Bild: Symbolfigur für die Pleite: Dirk Jens Nonnenmacher
Hamburg taz | Fünf ehemaligen Vorstände der HSH Nordbank werden jeweils
500.000 bis 1,6 Millionen Euro bezahlen, um sich nicht weiter vor Gericht
wegen Vorwürfen der Untreue und Bilanzfälschung verantworten zu müssen. Ein
sechster Vorstand hat sich auf das Angebot des Hamburger Landgerichts nicht
eingelassen, sodass es ab Mitte August zu einem Revisionsprozess kommt. Das
hanseatische Oberlandesgericht hatte die Vorstände 2014 freigesprochen.
Die sechs Manager sind angekIagt, 2007 kurz vor Ausbruch der weltweiten
Finanzkrise ein verlustreiches und unnötiges Kreislaufgeschäft abgezeichnet
zu haben, ohne es ernsthaft zu prüfen.
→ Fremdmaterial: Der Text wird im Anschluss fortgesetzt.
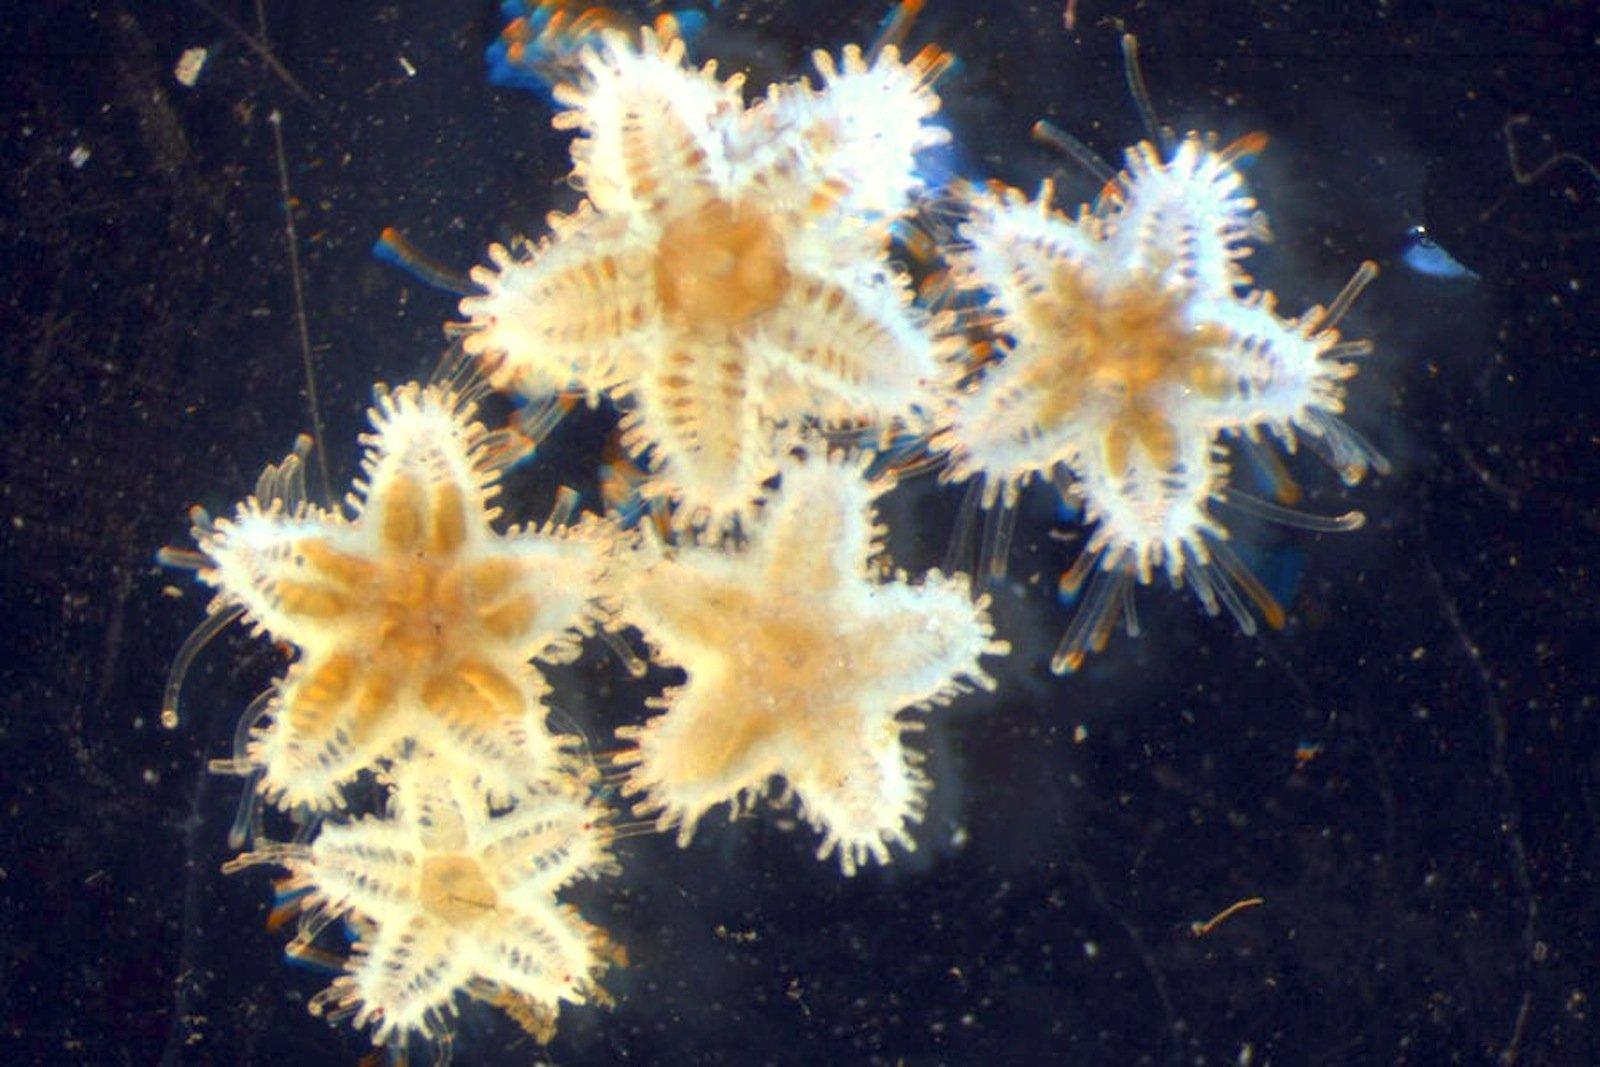 Junge Seesterne aus der Ostsee im Labor des GEOMAR Helmholtz-Zentrum für Ozeanforschung Kiel: Bei zunehmender Versauerung des Meeres wachsen Seesterne langsamer.

Dem Vorstandsvorsitzenden Dirk Jens
Nonnenmacher sowie dem Kapitalmarktvorstand warf die Staatsanwaltschaft
außerdem vor, zu Beginn des Krisenjahres 2008 die Bilanz um gut 100
Millionen Euro geschönt zu haben.
Mit der Anklage des kompletten damaligen Nordbank-Vorstands kam pars pro
toto das fahrlässige Geschäftsgebaren der deutschen Landesbanken vor der
Finanzkrise vor Gericht. Anfang 2008 gehörte die HSH Nordbank zum größten
Teil den Ländern Hamburg und Schleswig-Holstein, die sie an die Börse
bringen wollten.
Mit der Garantie der Länder im Rücken investierte die Bank riesige Summen
auf dem internationalen Kapitalmarkt – in komplizierte Finanzprodukte,
deren Risiken die Nordbanker unterschätzten. Die Landesregierungen zogen
mit, denn die Bank steuerte, solange es gut lief, satte Gewinne zu ihren
Haushalten bei.
## Milliardenschwere Kapitalspritzen
Zudem rühmte sich die Bank, der größte Schiffsfinanzierer der Welt zu sein.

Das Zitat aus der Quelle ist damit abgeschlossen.